Jeong Ho-young got his dream job in December 2019, when he became CEO of LG Display (LGD). His role would be to speed up the transition from LCDs to OLEDs, which his predecessor had started. LGD had opted to concentrate on OLED TV panels and then dabble in smartphones, while competitor Samsung Display did the opposite.

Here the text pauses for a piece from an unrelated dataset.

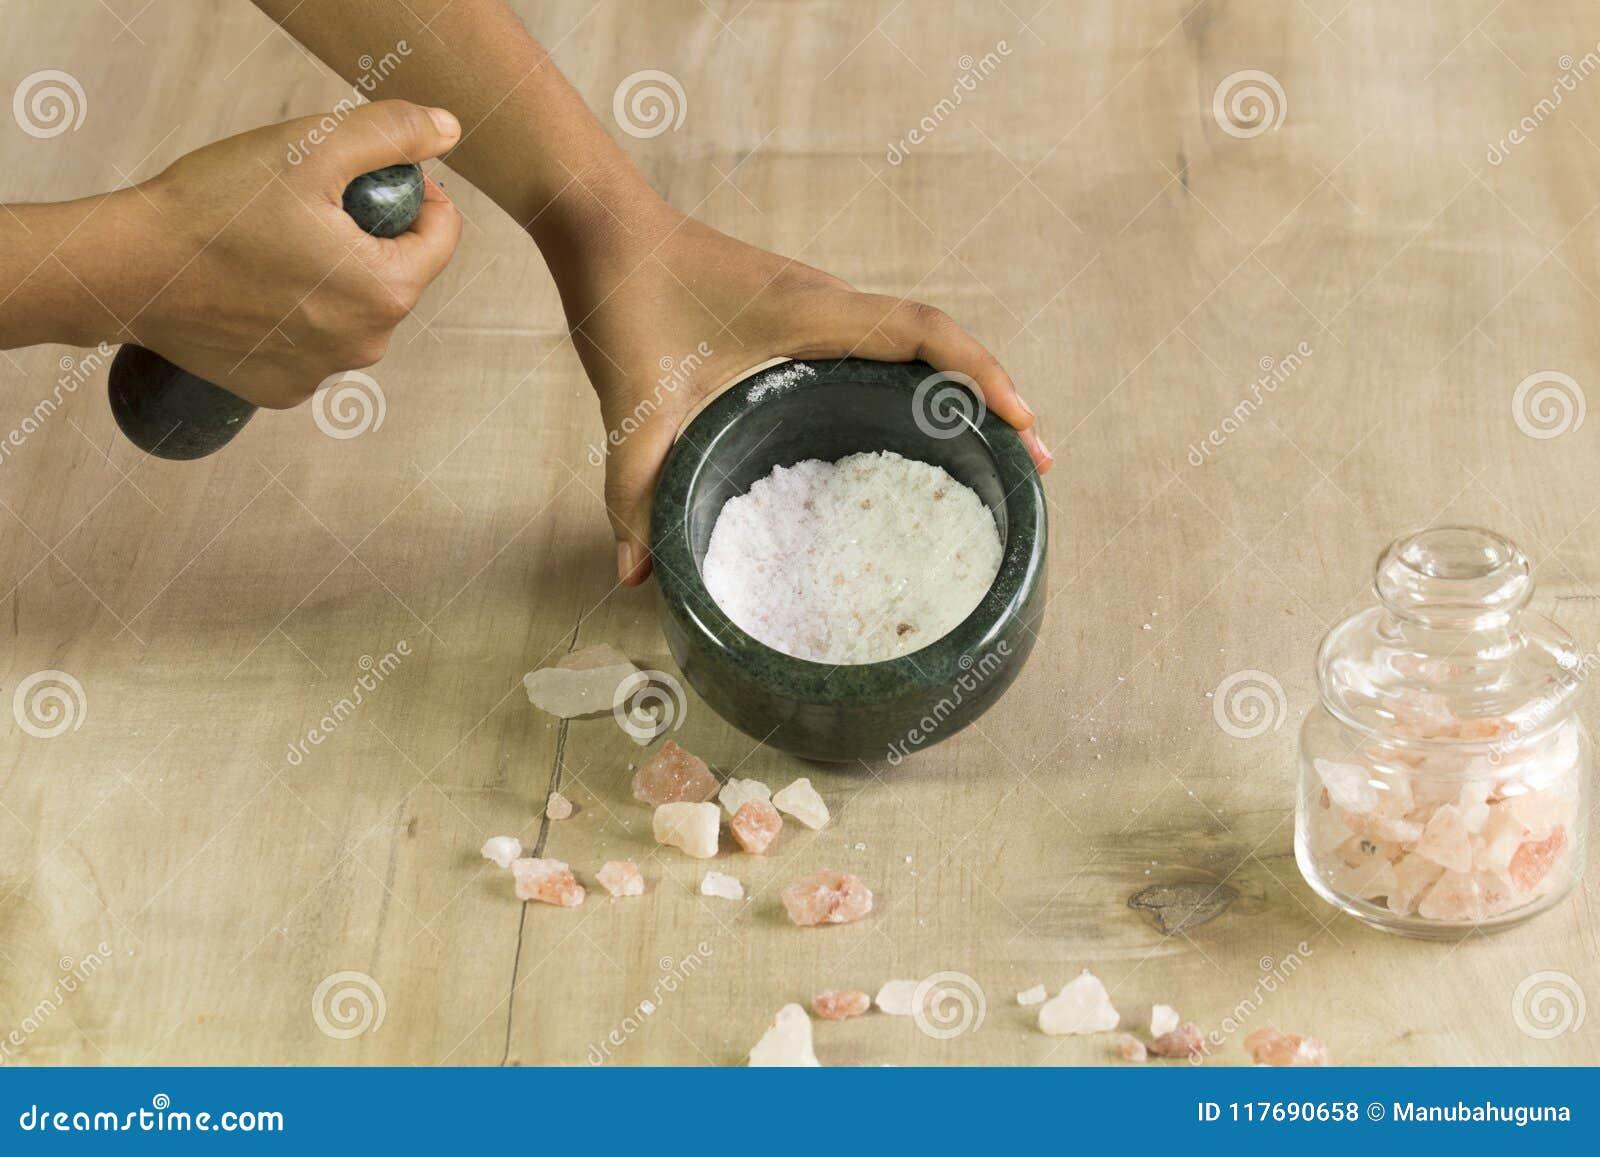 Crushed rock salt stock photo  Image of cuisine, taste

His job became more difficult when the Gen 8.5 OLED fab in Guangzhou, China, took until Q321 to reach full capacity, a one year delay. But he got a break when the pandemic hit and raised demand for TV and IT panels, faster than the Chinese large area capacity growth. Starting in early 2020, panel prices and demand more than doubled through Q421. Even Samsung Visual (it’s TV business) took an interest in OLEDs and opened up discussions to buy 2 million OLED panels from LGD. LGD’s plan to keep much of its old LCD capacity going until OLEDs could carry the burden of the large capex needed to fund the change out of LCD and to OLED and the imbedded depreciation was working. LG said it would keep some of the LCD capacity for IT.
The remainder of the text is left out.